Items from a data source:
◇ ◇ ◇ ◇

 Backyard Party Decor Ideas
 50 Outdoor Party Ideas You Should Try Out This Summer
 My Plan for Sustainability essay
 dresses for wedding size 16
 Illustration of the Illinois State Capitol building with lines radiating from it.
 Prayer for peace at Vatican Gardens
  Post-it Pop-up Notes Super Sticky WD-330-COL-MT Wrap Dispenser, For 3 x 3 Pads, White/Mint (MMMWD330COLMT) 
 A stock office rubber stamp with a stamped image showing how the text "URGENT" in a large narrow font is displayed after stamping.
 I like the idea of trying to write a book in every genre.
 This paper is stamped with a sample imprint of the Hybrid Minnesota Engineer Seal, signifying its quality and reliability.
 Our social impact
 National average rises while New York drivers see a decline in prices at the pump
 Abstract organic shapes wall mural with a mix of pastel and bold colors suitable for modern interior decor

◇ ◇ ◇ ◇

Copy each entry above exactly, character for character.

 Backyard Party Decor Ideas
 50 Outdoor Party Ideas You Should Try Out This Summer
 My Plan for Sustainability essay
 dresses for wedding size 16
 Illustration of the Illinois State Capitol building with lines radiating from it.
 Prayer for peace at Vatican Gardens
  Post-it Pop-up Notes Super Sticky WD-330-COL-MT Wrap Dispenser, For 3 x 3 Pads, White/Mint (MMMWD330COLMT) 
 A stock office rubber stamp with a stamped image showing how the text "URGENT" in a large narrow font is displayed after stamping.
 I like the idea of trying to write a book in every genre.
 This paper is stamped with a sample imprint of the Hybrid Minnesota Engineer Seal, signifying its quality and reliability.
 Our social impact
 National average rises while New York drivers see a decline in prices at the pump
 Abstract organic shapes wall mural with a mix of pastel and bold colors suitable for modern interior decor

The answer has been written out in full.